Plant City Observer

FAITH MATTERS: Hope Lutheran preps for Reformation Day

Most people naturally equate Oct. 31 with Halloween and a day to take the kids door-to-door and fill up with candy to keep the family dentist in business for another year.

But, few people know that October is much more than just a day for costumes and candy.  The origin of Halloween comes from what is observed on Nov. 1, namely All Saints Day, when the church pauses to thank God for the lives of His “saints,” who now rest with Him in heaven. Halloween literally means, “All Hallows Eve.”

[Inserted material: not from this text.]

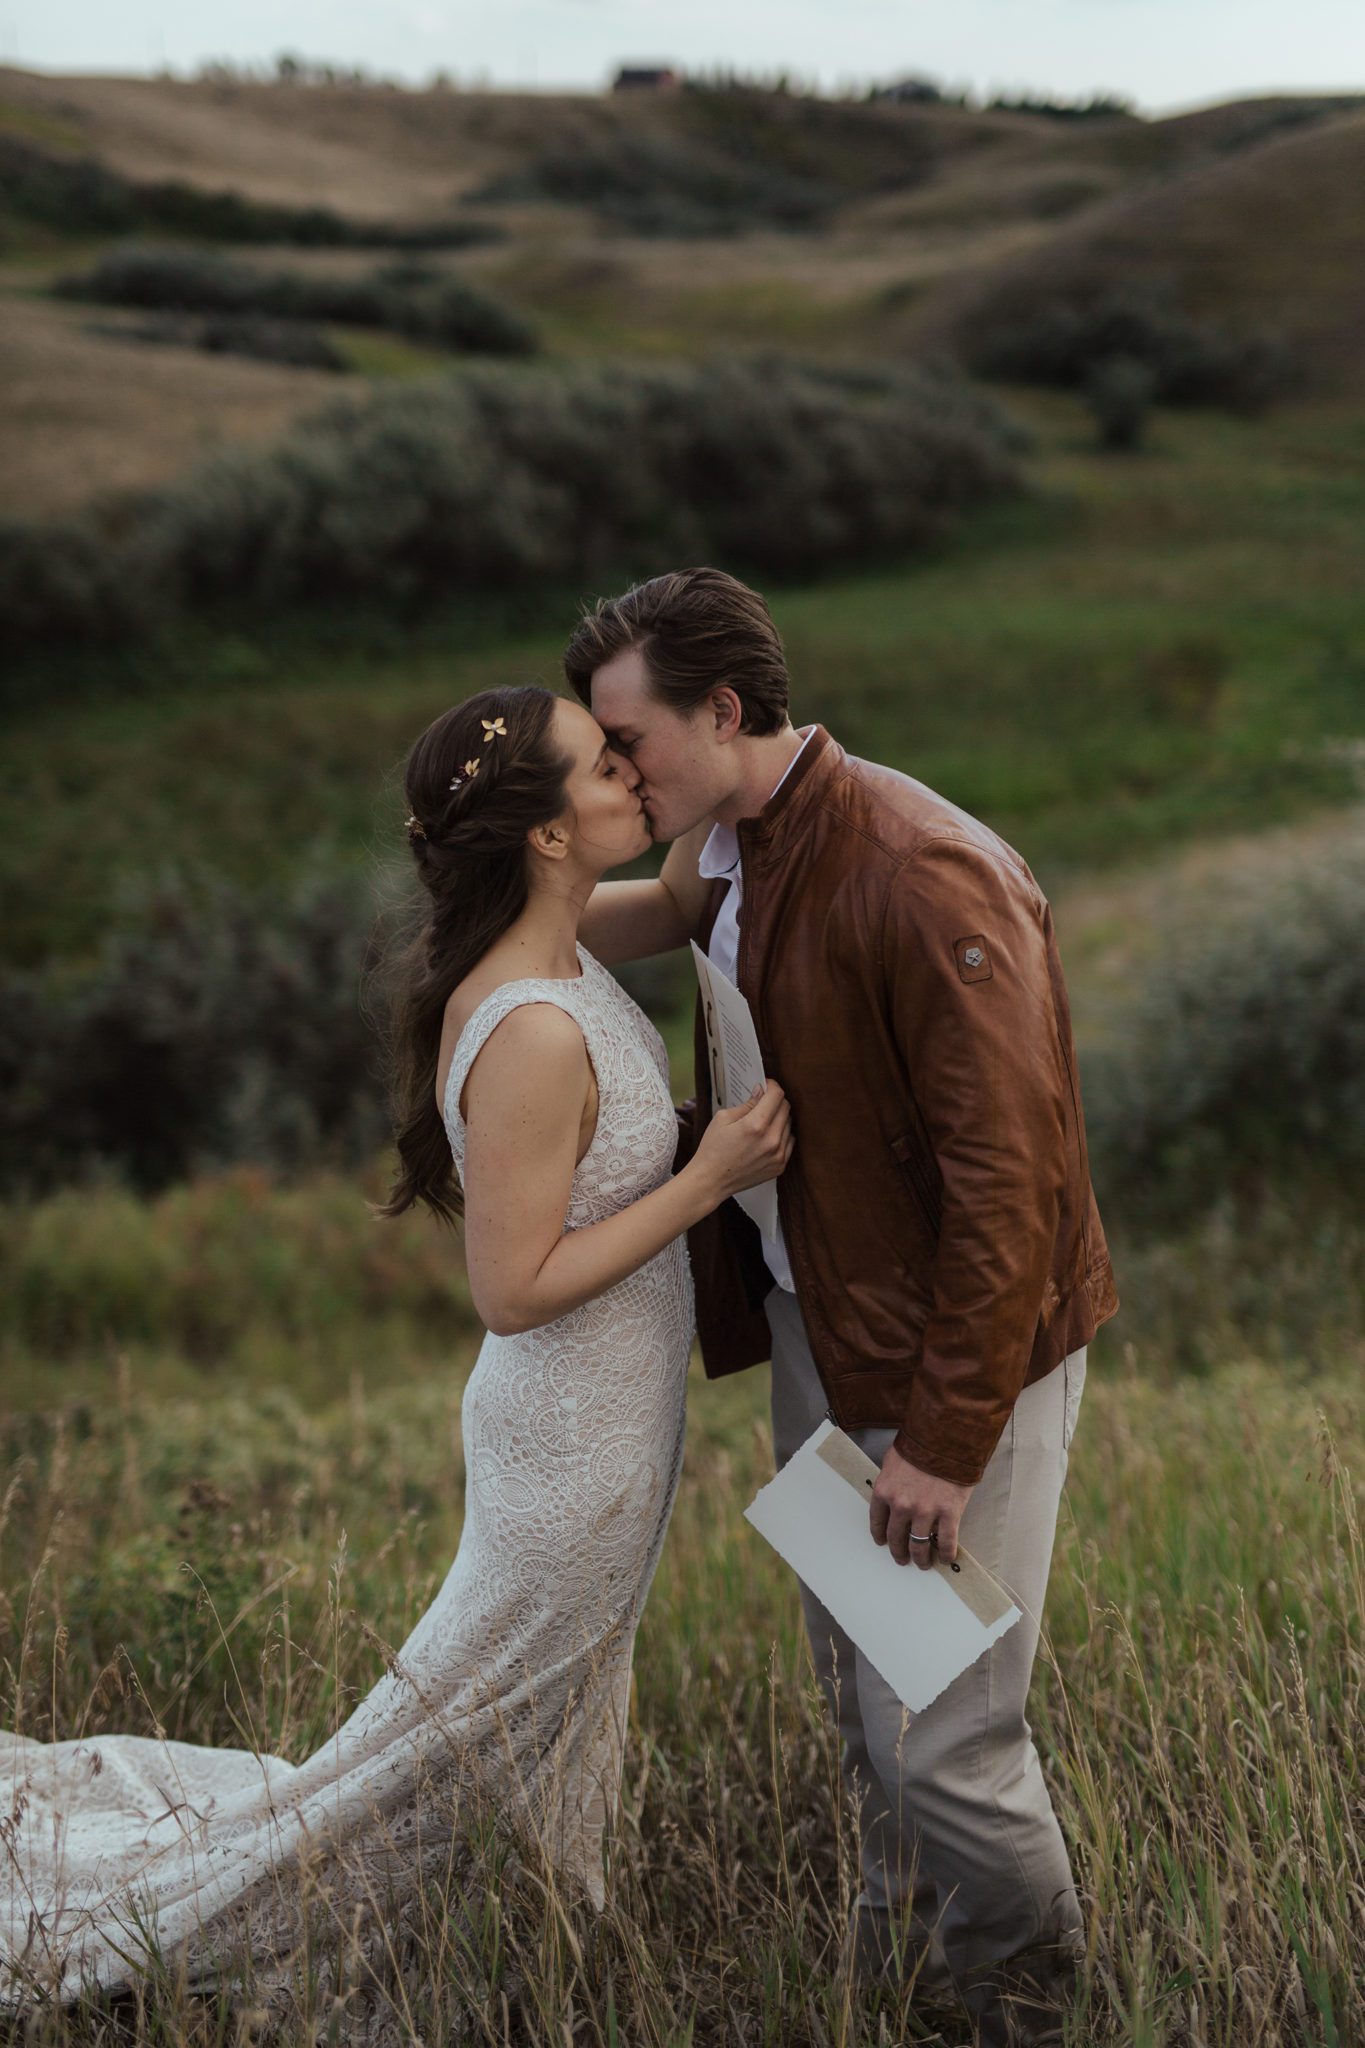 Bride and groom share a kiss after reading their vows to each other in a rural Alberta countryside, fall vow renewal inspiration, bride wearing lace-detailed gown.

For many of us in the church, Oct. 31 is a day in which we give thanks to God for one of His faithful servants, Dr. Martin Luther, who began what, over time, has become known as the Protestant Reformation. At Hope Lutheran Church, we will celebrate the Festival of the Reformation with services at 8 and 10:30 a.m. Sunday, Oct. 27, at 2001 N. Park Road. We also will join with five other Lutheran Church Missouri Synod congregations at 3:30 p.m. As we do this, we look forward to Reformation Day, Oct. 31, 2017, the 500th anniversary of the Reformation.

The goal of Luther and the other reformers of his day was not to form a new church body, much less one that bears Luther’s name. His goal was, as seen in the word, “reformation,” was to reform those primary teachings. At that time, the Roman Catholic church had strayed from what was taught in Scripture.

Foremost among those areas of difference that led to Luther’s actions as stated in the “Book of Concord” is that “we cannot obtain forgiveness of sins and righteousness before God based on our own merits, works or sanctifications, but we receive forgiveness of sin and become righteous before God by grace for Christ’s sake through faith.”  Basically, what was said then still holds today: We cannot buy or earn God’s forgiveness. In Luther’s day, the church was in the practice of selling what was known as an “indulgence,” payment given to the church for forgiveness. Today, that practice is carried out in various forms, as well as through the practice of “penance.” We need to draw comfort from God’s Word, as recorded by the prophet Jeremiah (31:34): “For I will forgive their sin, and I will remember it no more.” We see that God is the one who forgives, and for us to think or do anything else for that forgiveness is like looking at the cross and telling our Lord that what He did for us that Good Friday simply was not enough.

There are many other areas which the early reformers of the church voiced their disagreement with the practice and belief at the time, but this is the most central teaching of Scripture and one that we in the Lutheran church today holds central to all that we believe, teach and confess.

Let me encourage you, this Reformation, to celebrate the gift of free grace that God offers to each of us and to give thanks to God for the work of all the early reformers in the church who labored and even gave their lives that the message of God’s unlimited, free and abounding love for us in Christ could and would be freely shared by all, because it is God’s desire that all people be saved and come to a knowledge of the truth.